El final de la vida es, sin duda, el momento de vulnerabilidad que, a nivel existencial, más tenemos presente los seres humanos. Seguramente no es casualidad que sea el cierre del libro, a cargo de Christoph Rehmann-Sutter (pp. 229-248). Distingue la muerte violenta, producida por el uso de la fuerza, negligencia o alguna causa externa, de una que “nace de la vida”: la muerte inevitable, incausada. La muerte inevitable es, pues, parte de la identidad humana, y no puede ser entendida como una lesión. Sin duda, qué se pueda entender por este tipo de muerte y su necesaria demarcación con lo que se suele denominar “muerte natural” –que no siempre es inevitable– es interpretable, y el autor se detiene en problematizar debidamente el concepto. Oímos ecos epicúreos al leer que la vulnerabilidad no es la muerte per se, sino el sufrimiento que pueda experimentarse en su antesala, y que tal debiera ser el objeto reflexivo de la ética.
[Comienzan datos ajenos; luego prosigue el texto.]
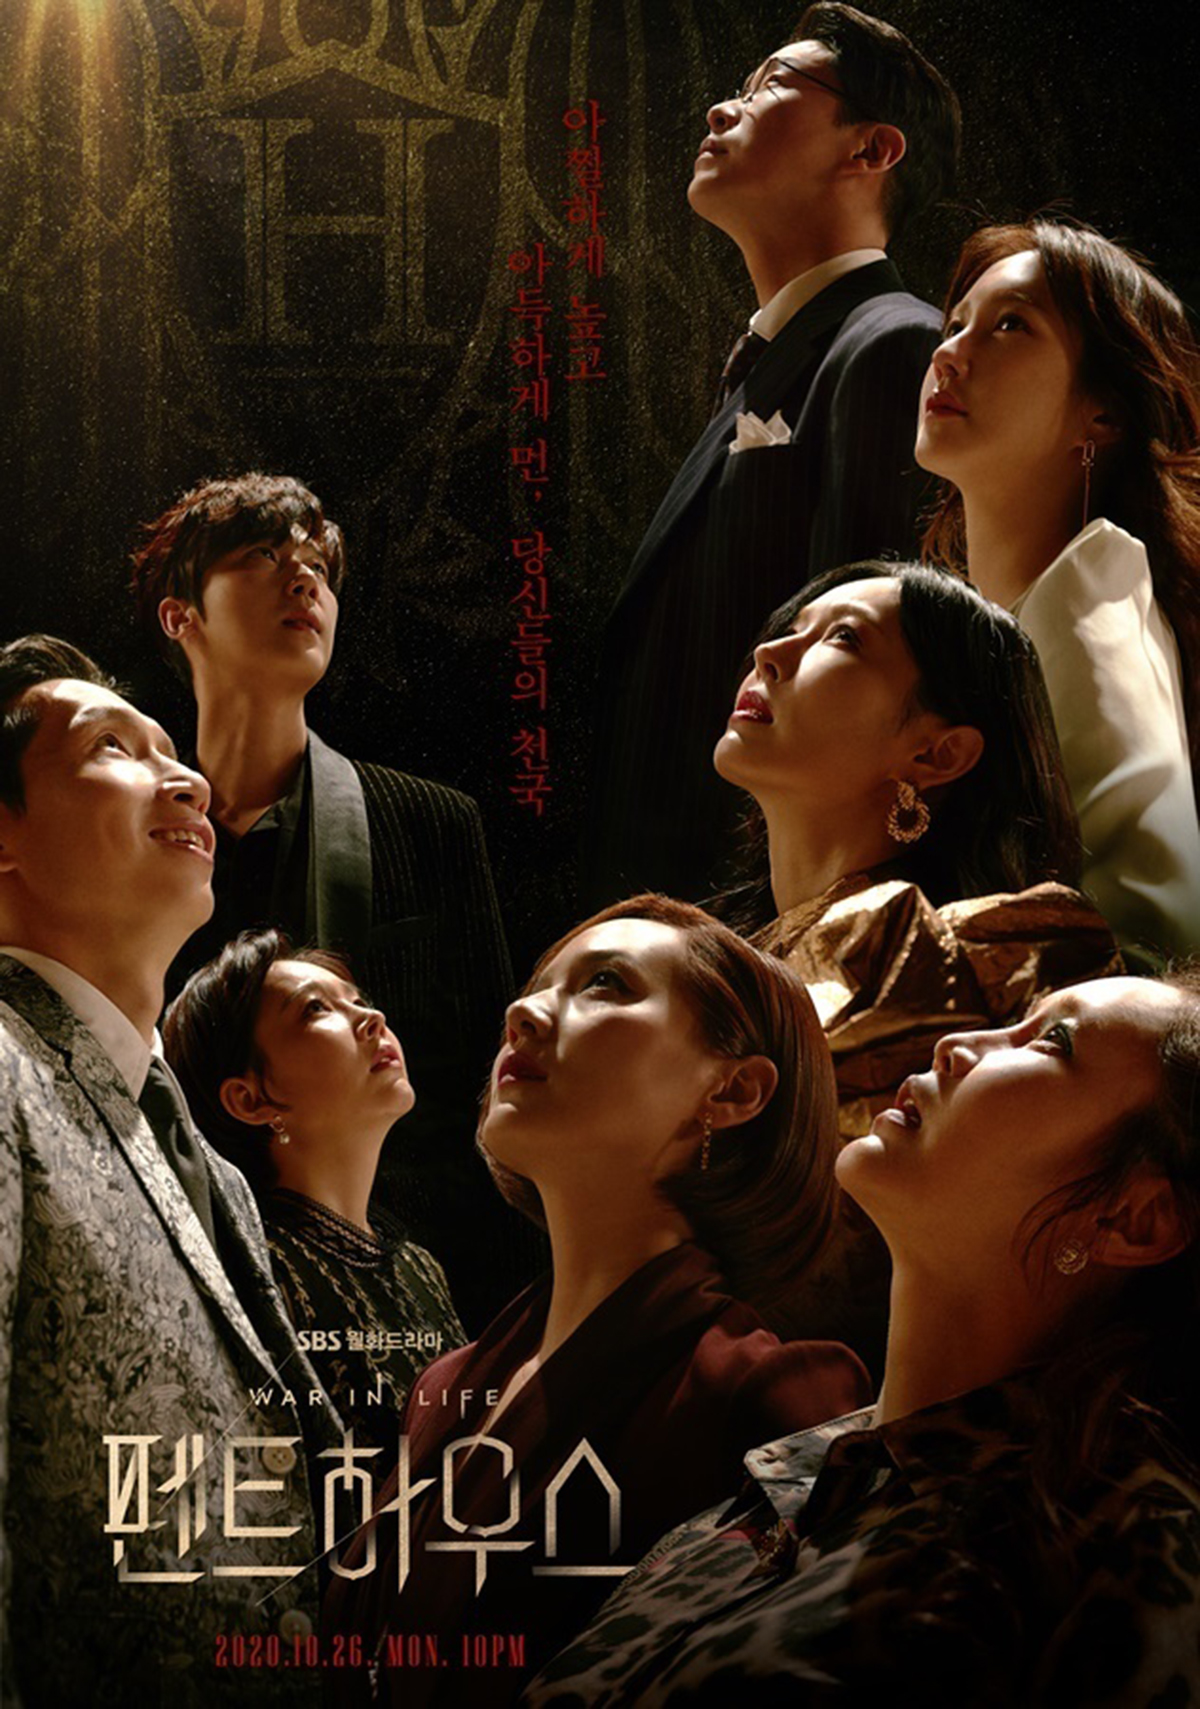 Korean Drama The Penthouse : War In Life

El deseo de morir pasa, así, a ser el final de sus reflexiones, examinando cómo la desatención de dicho deseo, pero también de las circunstancias que han podido conducir hasta él, sí puede generar vulnerabilidades específicas.
En definitiva, el lector podrá acceder a una cuidadosa selección de análisis y miradas hacia este fenómeno que, lejos de ser definible de una vez y para siempre, se nos aparece, tras la lectura, como una suerte de red: tal malla es la vulnerabilidad “antropológica”, y recorre todo cuerpo individual y social, recordándonos que somos irremediablemente finitos. Al tiempo, toda red tiene unos nudos que la distinguen de otras redes; y así, cada ser humano, siempre vulnerable, también se hace vulnerable por otras razones y en distintos momentos del curso vital. Los autores han seguido varias de sus bifurcaciones. Queda al lector reconectarlas con las propias.
Isabel Argüelles Rozada
(Universidad de Oviedo)
1 Este trabajo ha sido posible gracias a las ayudas predoctorales para investigación y docencia “Programa Severo Ochoa” (BP20-147) del Principado de Asturias.